Na fase pré-contratual, divulgação de vaga e recrutamento de candidatos, o recomendável é que os dados pessoais requisitados sejam apenas aqueles estritamente necessários ao cadastramento e avaliação destes por parte da empresa, sem a coleta de informações que possam gerar exposição indevida ou inadequada dos indivíduos. 

Assim, se o objetivo da coleta de dados atinentes à vacinação tiver como objetivo eliminar um candidato à vaga de emprego é importante ter cautela pois a LGPD veda a coleta de informações sensíveis para fins discriminatórios. Há que se considerar, inclusive, que muitas pessoas deixam de se vacinar por questões religiosas, políticas e culturais, dados que também são considerados sensíveis e possuem proteção legal. 

Nessa fase, o ideal é que a empresa pese o quão relevante é para o processo seletivo a coleta das informações atinentes à vacinação dos candidatos, análise que dependerá de cada negócio e dos riscos de contaminação existentes no ambiente laboral. Para os profissionais da área da saúde que inclusive atuam na linha de frente do combate ao coronavírus, por exemplo, a exigência pode ser entendida como legitima. 

Já durante o período de vigência do contrato de trabalho é possível o tratamento dos dados de vacinação à medida em que a exigência da empresa se enquadre em uma das hipóteses previstas na LGPD para tratamento de dados pessoais sensíveis, dentre as quais se destacam, a proteção da vida e a incolumidade física do titular ou de terceiro e o cumprimento da obrigação legal ou regulatória pelo controlador do empregador (artigo 11º, II, “a”). 

A exigência de apresentação do comprovante de vacinação se justifica pela necessidade de mapeamento da cobertura vacinal e consequente cumprimento do dever do empregador de garantir um ambiente de trabalho seguro a todos os empregados, em defesa da proteção da vida e da saúde daqueles que atuam presencialmente no mesmo espaço físico. Prioriza-se, assim, o interesse coletivo frente ao particular. 

Optando-se pela exigência do comprovante de vacinação tendo como base a proteção à vida e à incolumidade física de seus empregados e o cumprimento de obrigação legal de fornecimento de um ambiente laboral seguro e saudável, a empresa deverá ainda tomar alguns cuidados adicionais para que as diretrizes da LGPD sejam observadas.  

É indispensável que a companhia informe previamente aos seus empregados o motivo da solicitação, como se dará o tratamento das informações e que limite o uso dos dados à finalidade que justificou a coleta, jamais utilizando-as para fins discriminatórios ou para prejudicar/limitar direitos dos empregados que não tiverem sido imunizados.

Após a coleta das informações a empresa não poderá, por exemplo, divulgar os nomes dos empregados que não tomaram a vacina. 
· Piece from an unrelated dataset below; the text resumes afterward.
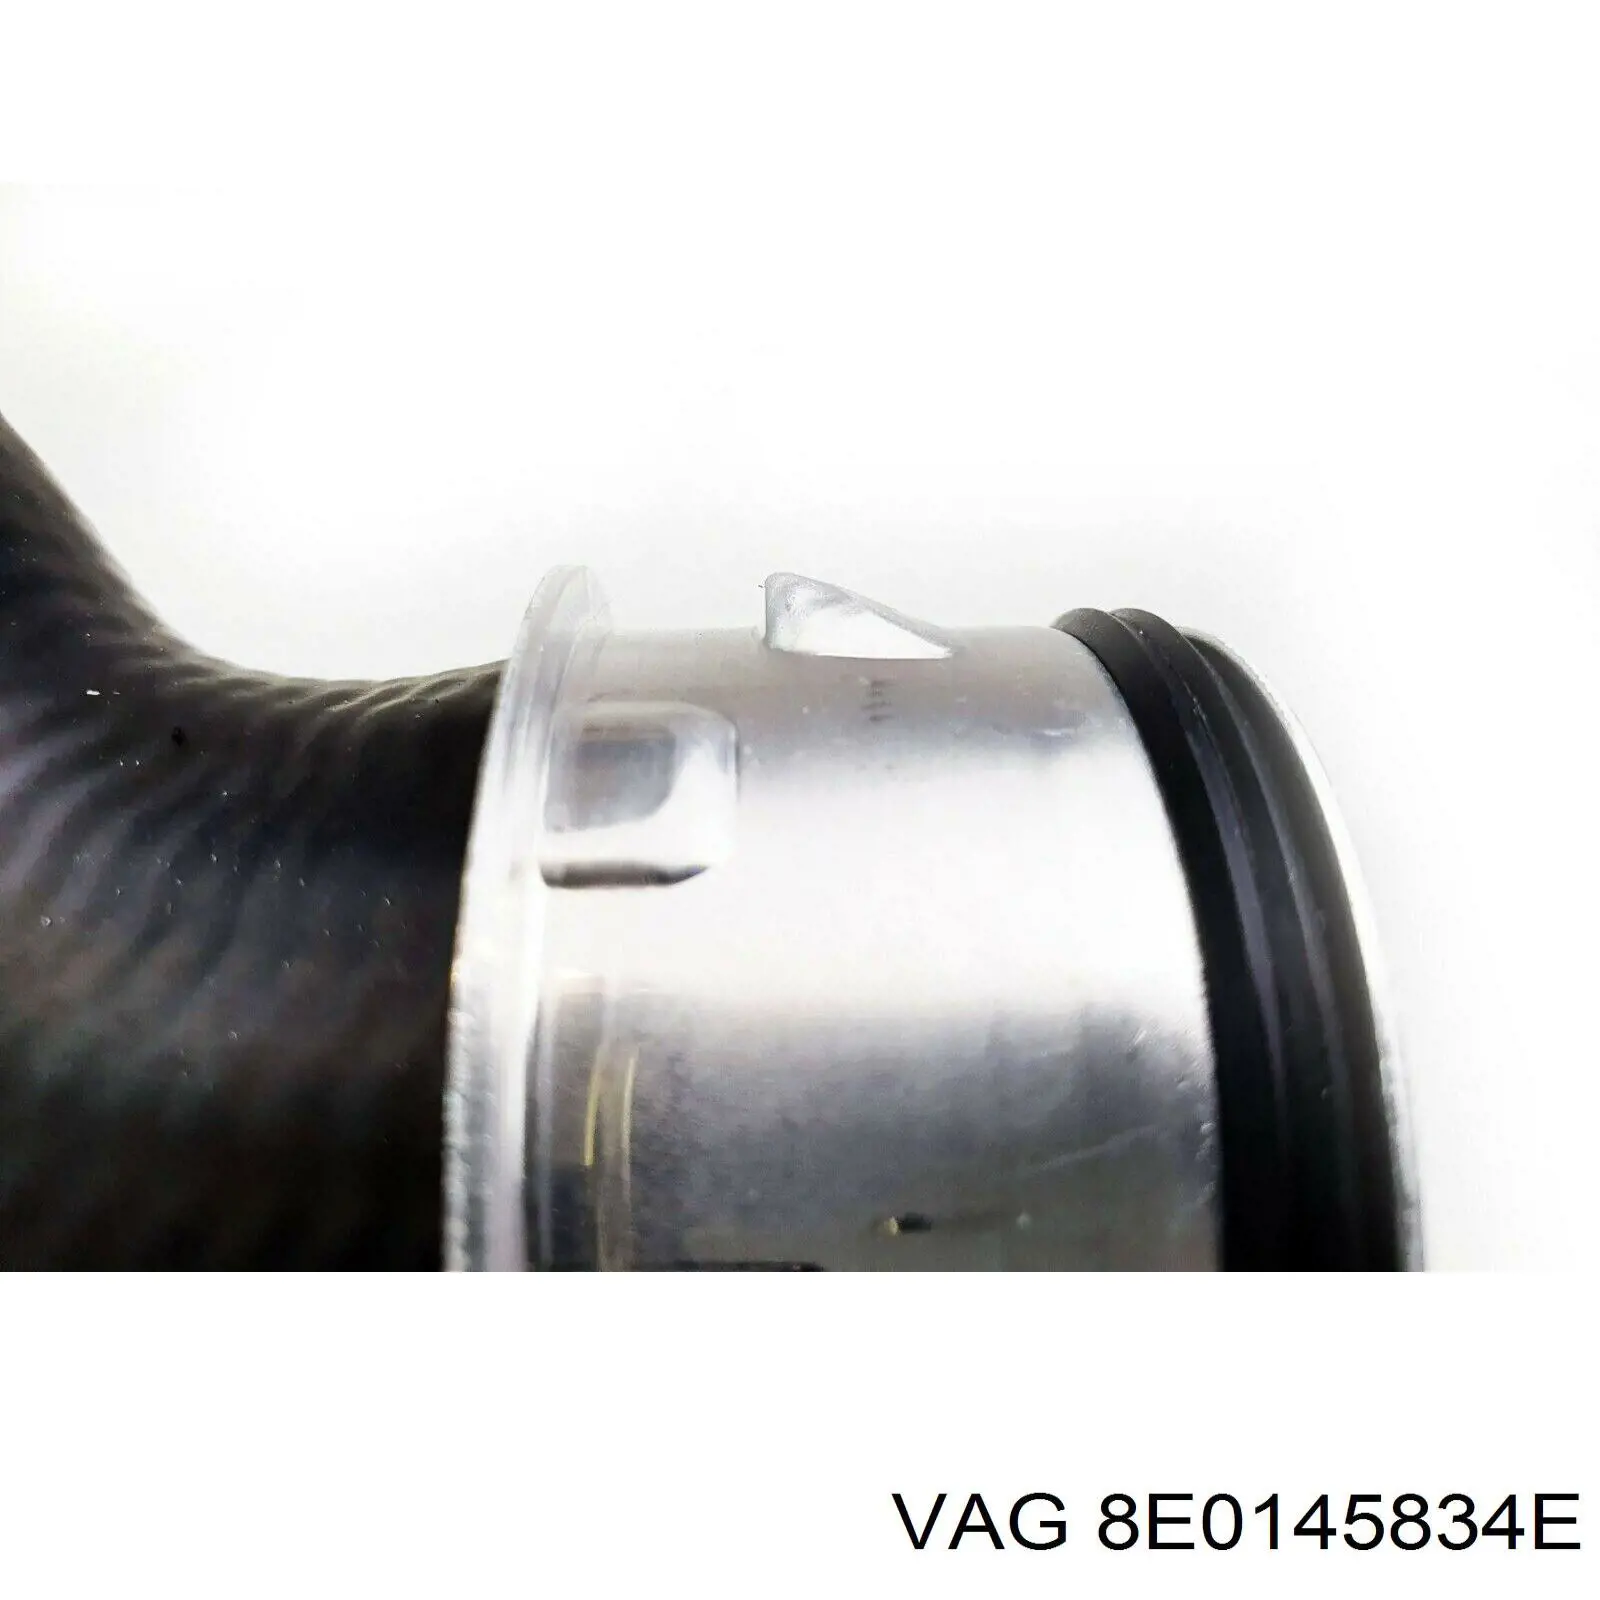 8E0145834E VAG tubo flexible de aire de sobrealimentación inferior derecho

Para não violar a intimidade de seus empregados a empresa também deve armazenar os dados levantados de forma segura, adotando medidas internas capazes de protegê-los de acessos não autorizados e de eventos acidentais que possam culminar em seu vazamento. Para tanto, é recomendado que o acesso às informações seja reduzido e concedido apenas àqueles cuja participação no tratamento dos dados seja indispensável. 

Caso a empresa deixe de tomar algum desses cuidados, poderá sofrer sanções administrativas que podem variar de advertência, aplicação de multas que podem chegar a 2% de seu faturamento (limitada a 50 milhões de reais) e até a proibição total no tratamento dos dados, isso sem contar a possiblidade de publicidade da infração, risco que deve ser evitado em tempos de “cancelamento” virtual. 
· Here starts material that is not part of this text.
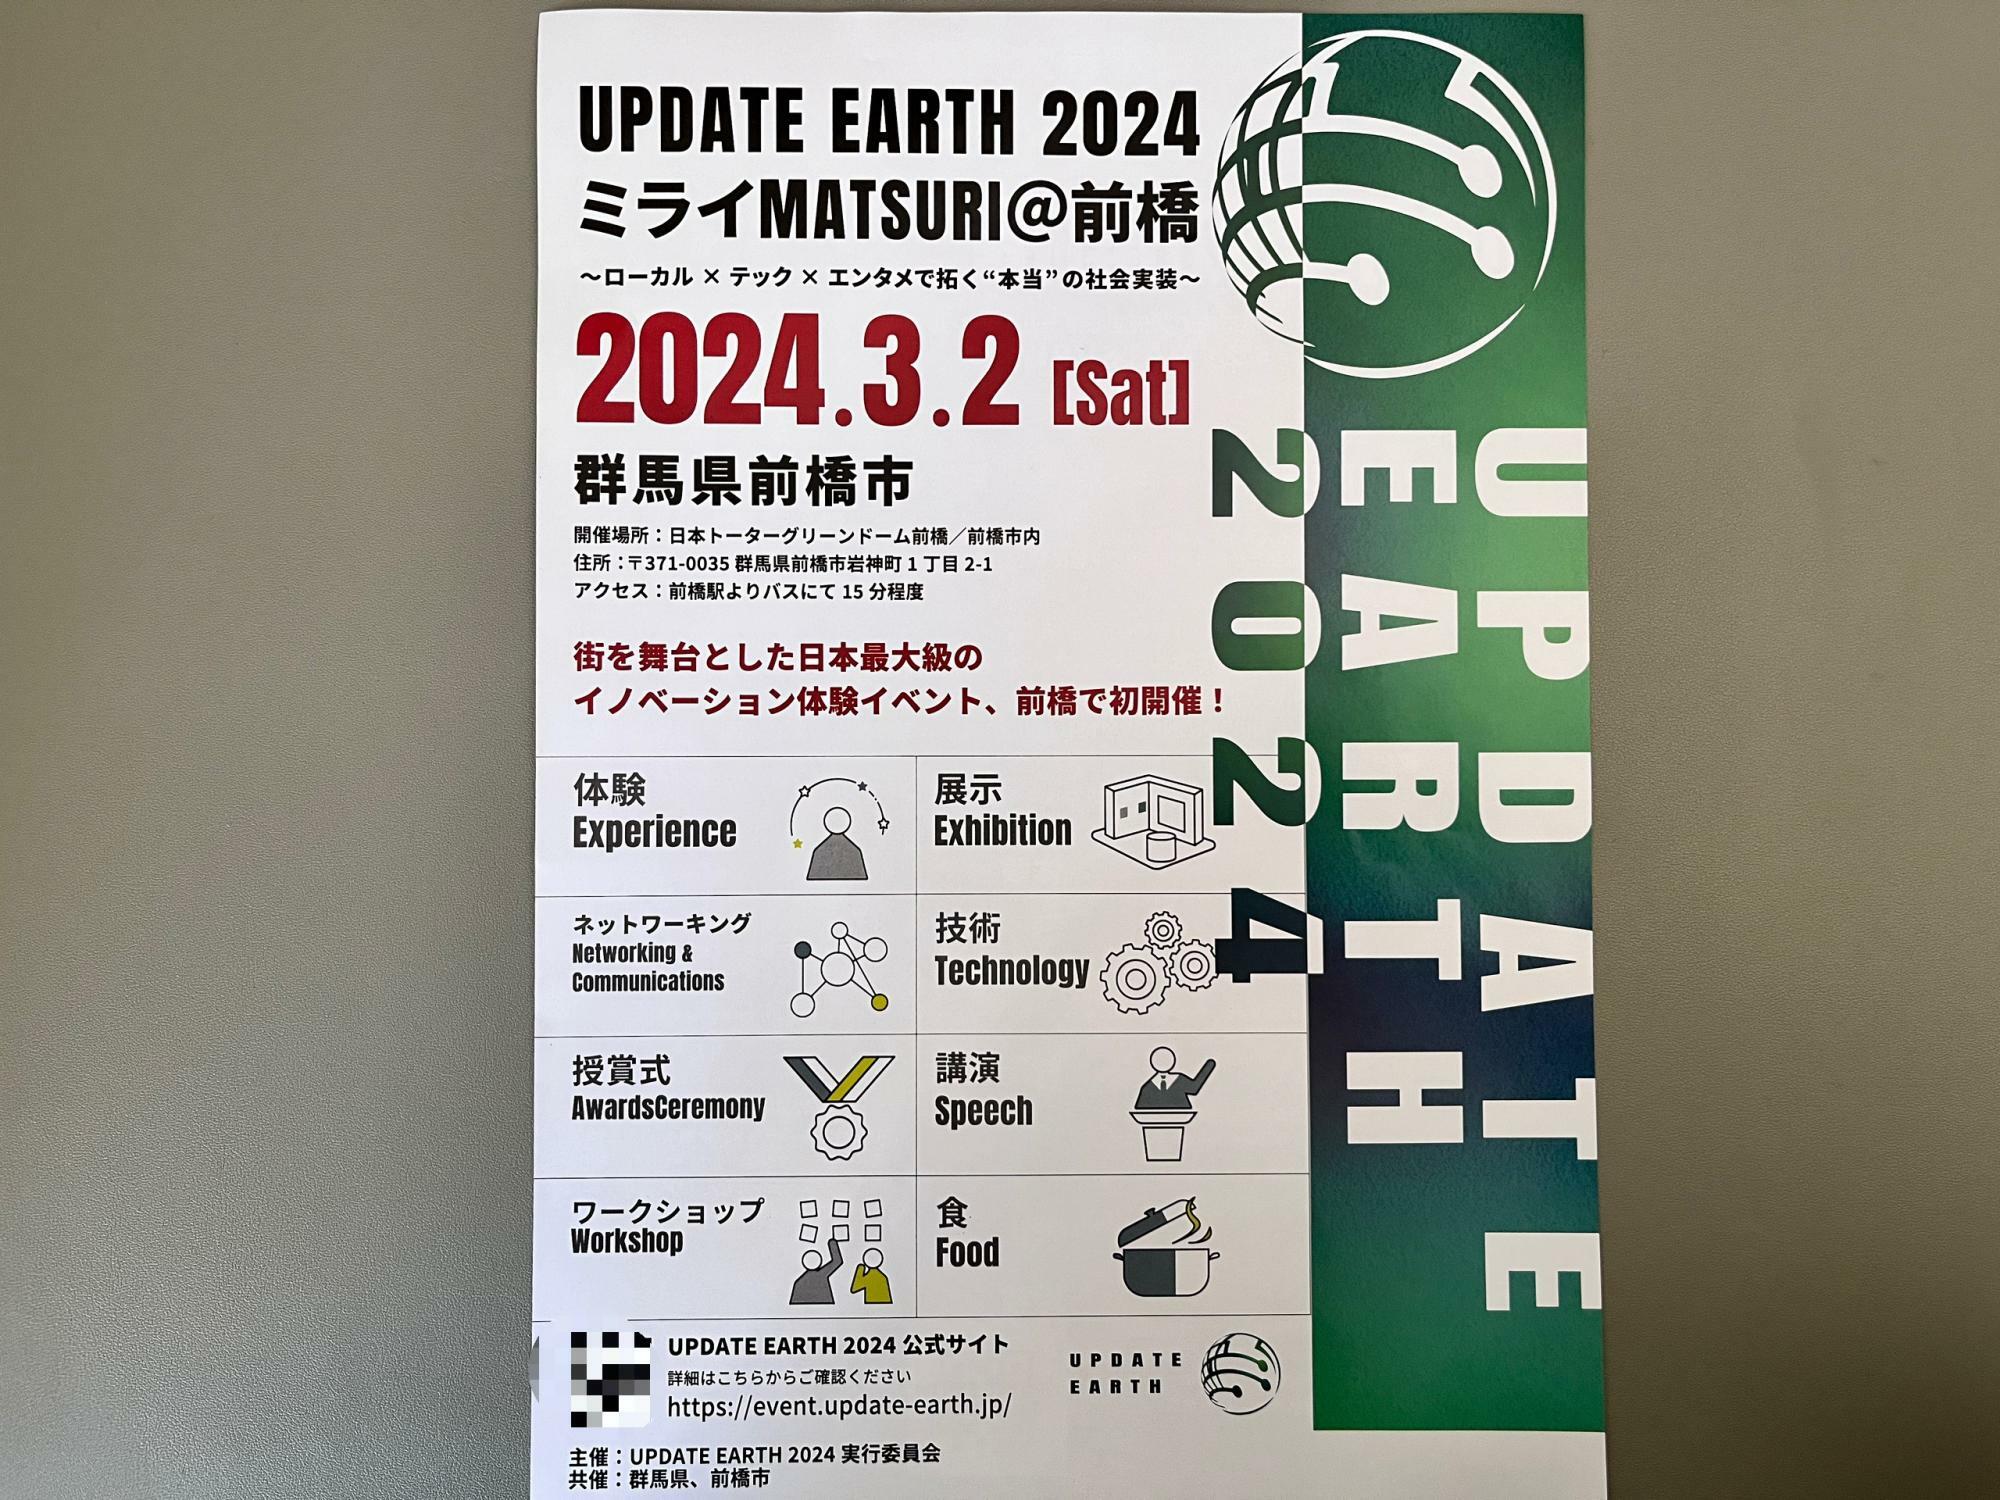 「UPDATE EARTH 2024 ミライMATSURI@前橋」開催告知のチラシ

Como demonstrado, a LGPD mudou a forma como os dados pessoais devem ser tratados, com significativo impacto nas relações de trabalho que, pela sua própria natureza, exigem a gestão de informações consideradas sensíveis. Por este motivo ao exigir o comprovante de vacinação, as empresas devem agir com transparência, adequando seus procedimentos internos para garantir o cumprimento da LGPD e, em paralelo, mitigar os riscos decorrentes da gestão dos dados vacinais de seus empregados.